The 36 families living at 1456 Oak St. NW were girding just months ago to be evicted from their longtime homes. They expected the apartment building -- plagued by drug dealers and inattentive management -- to fail a crucial housing inspection and then lose the federal Section 8 housing subsidy that keeps the rents affordable.

Thanks to the residents' gumption, pressure applied by a D.C. council member and numerous affordable housing advocates, that crisis was averted. This small oasis of affordable housing in the rapidly gentrifying Columbia Heights market got much-needed repairs, passed its inspection and is on track to win a contract to keep its rents below-market for the next 20 years.

"It was scary," Gloria Smith, a retiree and 18-year resident, said of the prospect of being forced out of her $700-a-month apartment. "The building had been in bad shape, but it was convenient to transportation and stores. This is where I wanted to stay."

The tenants' victory was worth celebrating, given how unwelcome many low-income and subsidized renters have felt in the last few years in Columbia Heights. The neighborhood, considered the most fashionable address in the city at the turn of the century, became undesirable after 1968 riots burned its commercial core. But the community's stately Victorian rowhouses and proximity to downtown became attractive again to home buyers and investors as Washington's recent real estate boom began in 1999. Columbia Heights' rents have risen 45 percent since, according to the Latino Economic Development Corp., which supported the tenants. Many building owners in the area have tried to oust their tenants on dubious claims -- then quickly sell for high profits.

Judith Ware, the new president of the tenants' association, said many of her fellow neighbors weren't sure where they could afford to live, since they had watched more and more subsidized apartments in Columbia Heights and other neighborhoods converted into high-priced condominiums.

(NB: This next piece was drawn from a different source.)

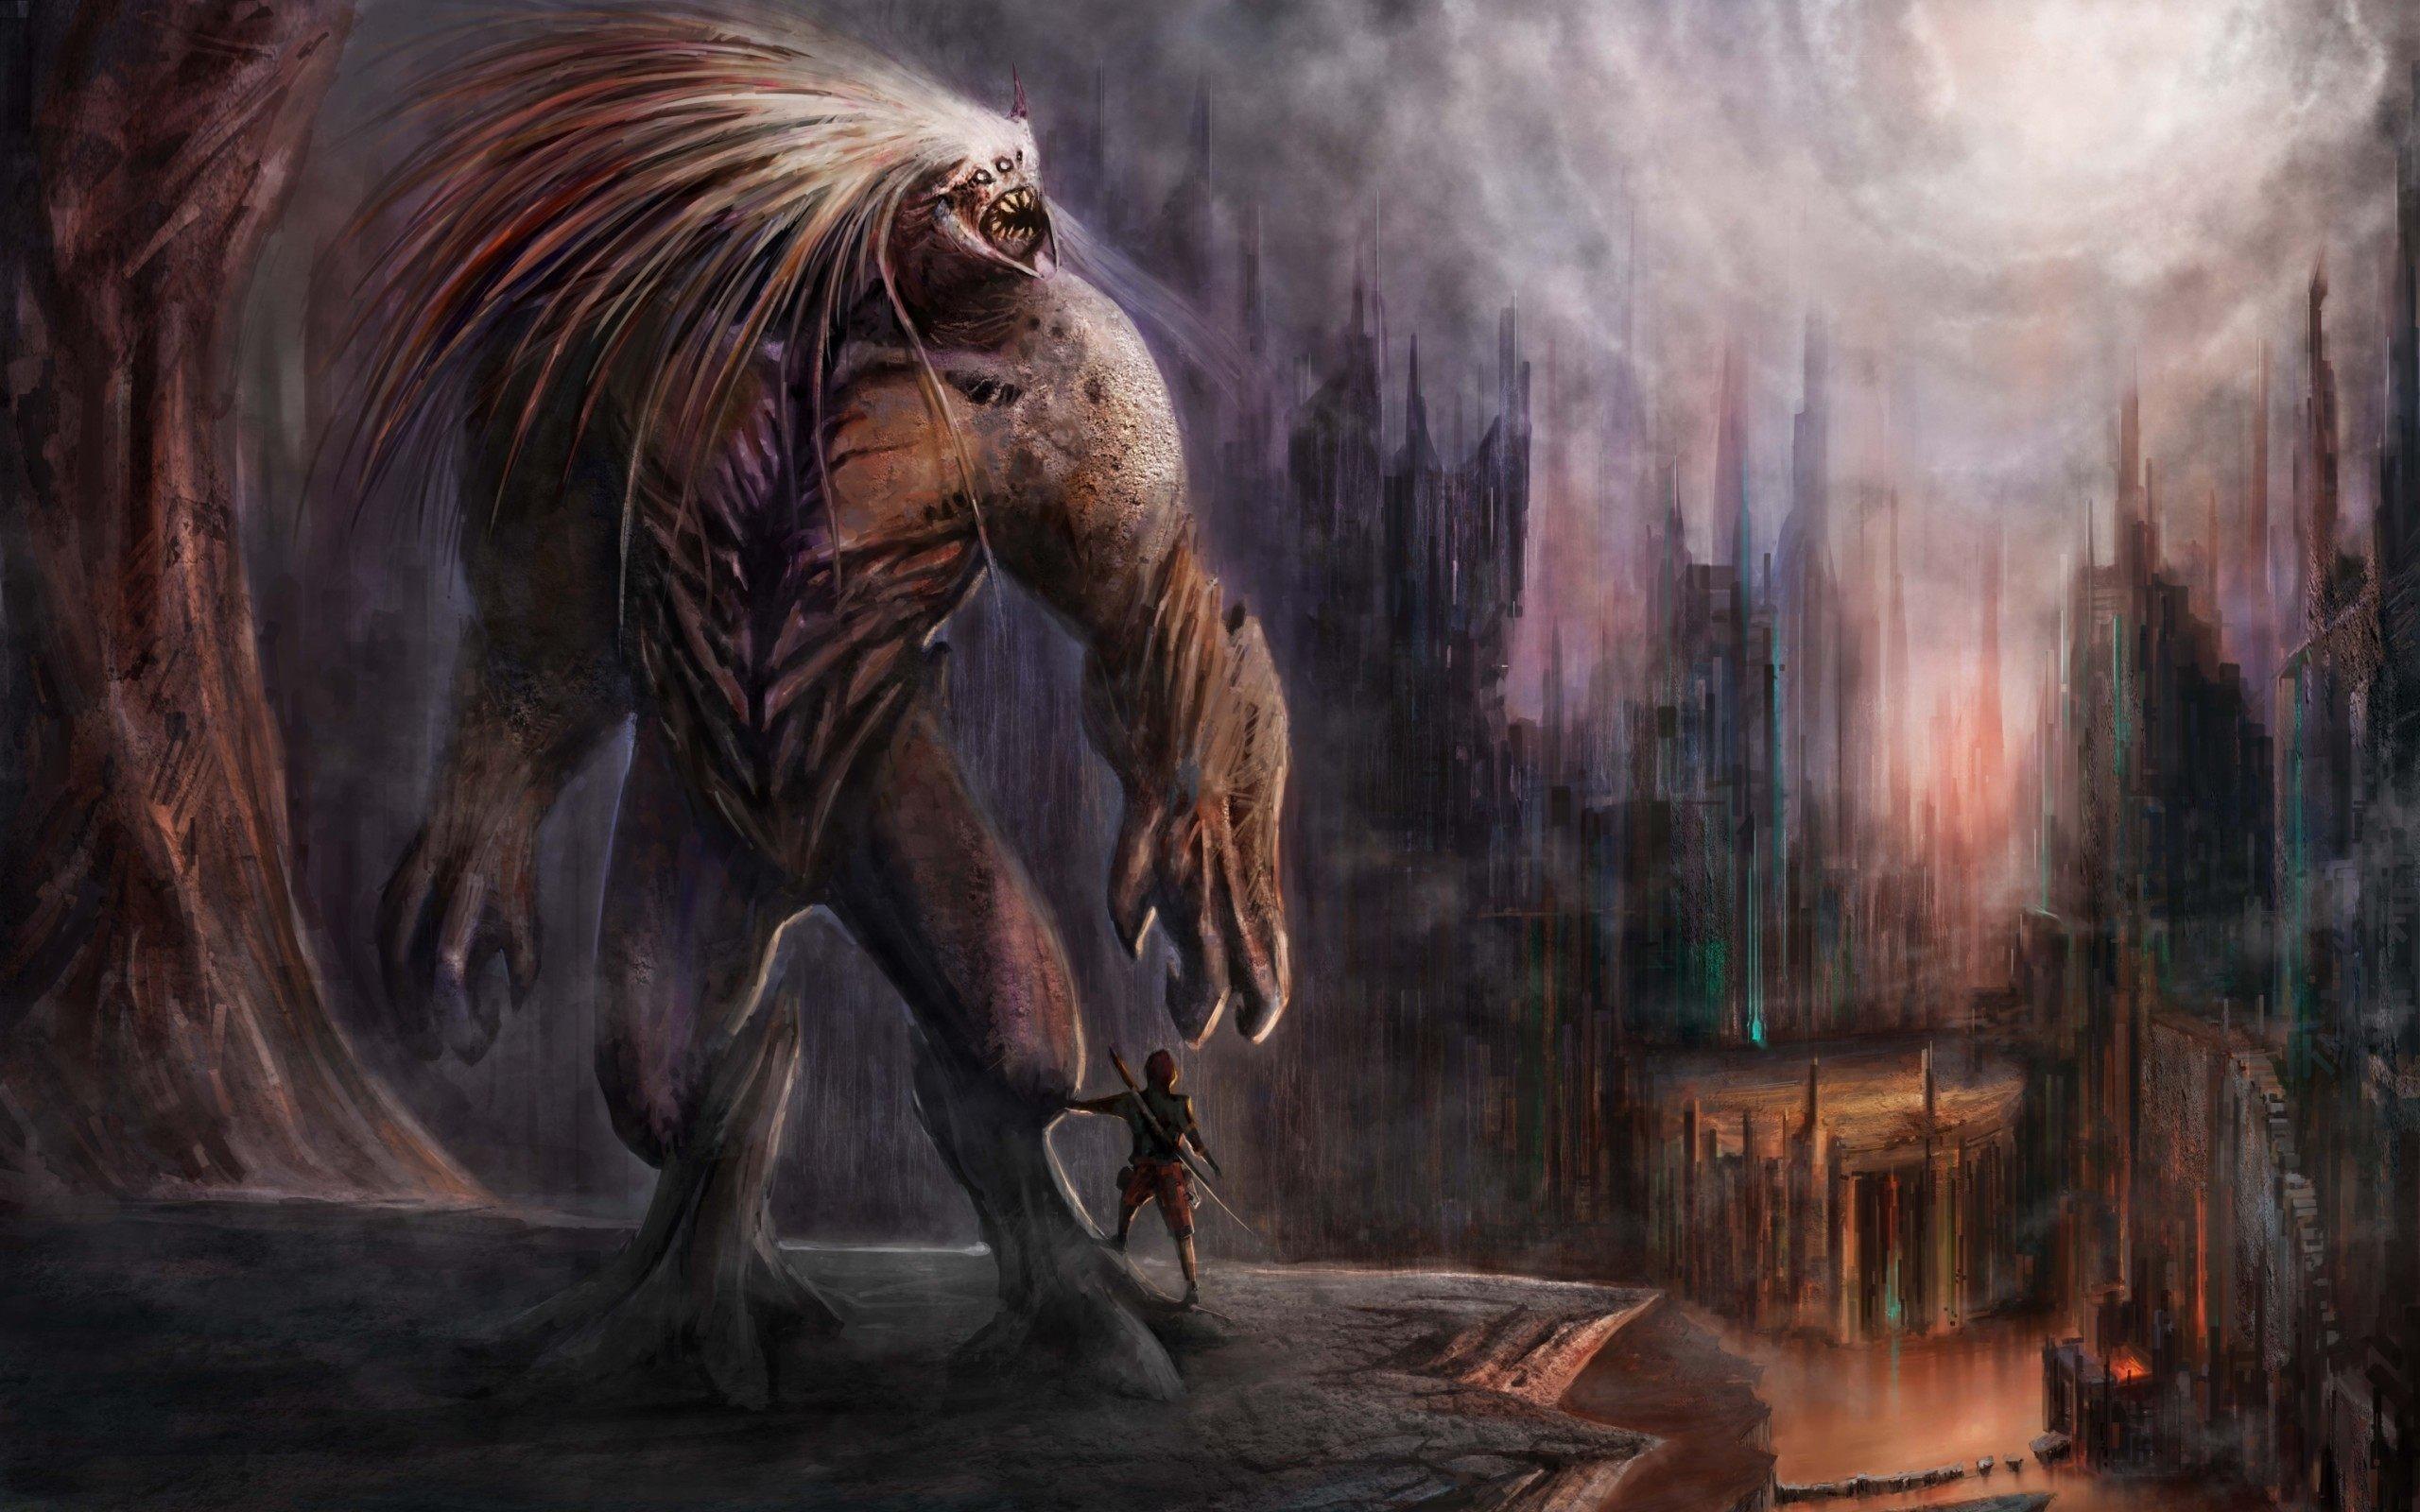 Giant Monster Wallpaper High Resolution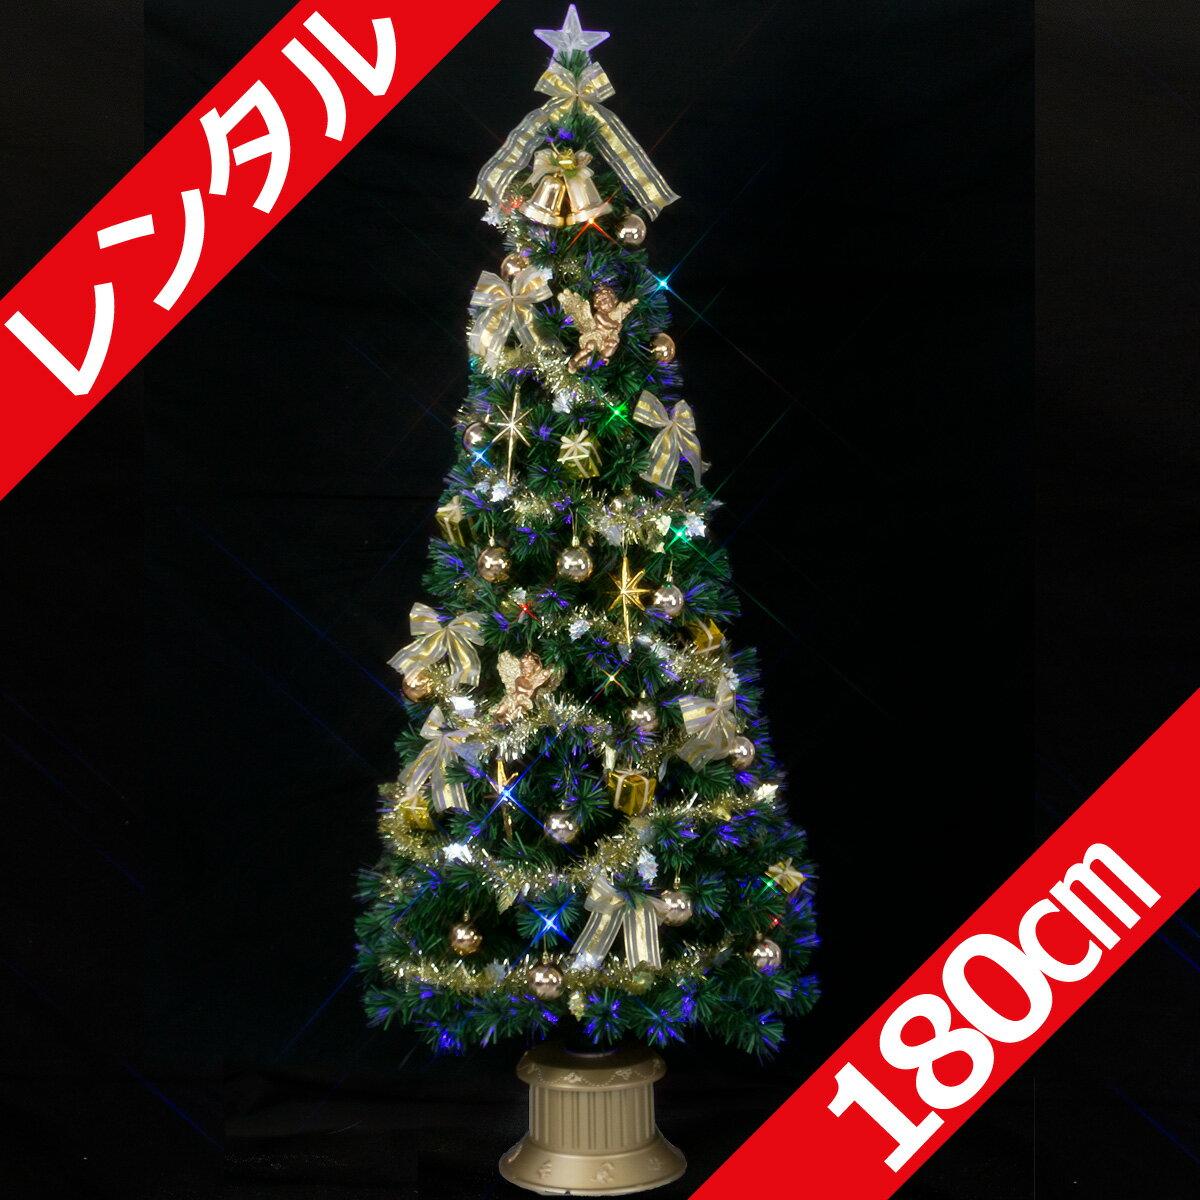 【レンタル】 クリスマスツリー セット 180cm グリーン LEDマルチ ファイバーツリー 【往復 送料無料】 クリスマスツリー レンタル fy16REN07

"Most affordable apartments are now in Southeast, where most people don't want to go because of the high crime and because the transportation into the city is so much more difficult," Ware said. "That's really the question: Where can we go?"

Resident leaders celebrated their victory by hosting a small party at nearby St. Stephen's Episcopal Church. They presented certificates of appreciation to those who had come to their aid. Nibbling at plates of cold cuts and fruit salad, the group of African Americans, Latinos and whites; residents and building managers; housing preservationists and church organizers had already demonstrated how much a community can accomplish when it joins hands.

The residents thanked the Latino Economic Development Corp., the nonprofit Urban Village and Washington Interfaith Network for help in organizing the residents. They thanked Council member Jim Graham (D-Ward 1) for pushing the D.C. Housing Authority to take responsibility for the building after the owner defaulted on a federal loan. They applauded new building manager Quantay Oliver of CIH Management for ousting two resident drug dealers and getting the building to pass inspection with $200,000 in elevator, electric and cosmetic repairs.

Elizabeth Figeuroa, a lawyer hired by Urban Village to help residents, turned the applause back on the audience.

"I congratulate all of us on our teamwork and being able to turn things around at 1456 Oak Street," she said. "We know the redevelopment is still going on in our areas and affordable housing is being lost daily in the city. But the Housing Authority has told us they have a long-term commitment to keep the building affordable . . . and we're going to hold 'em to it."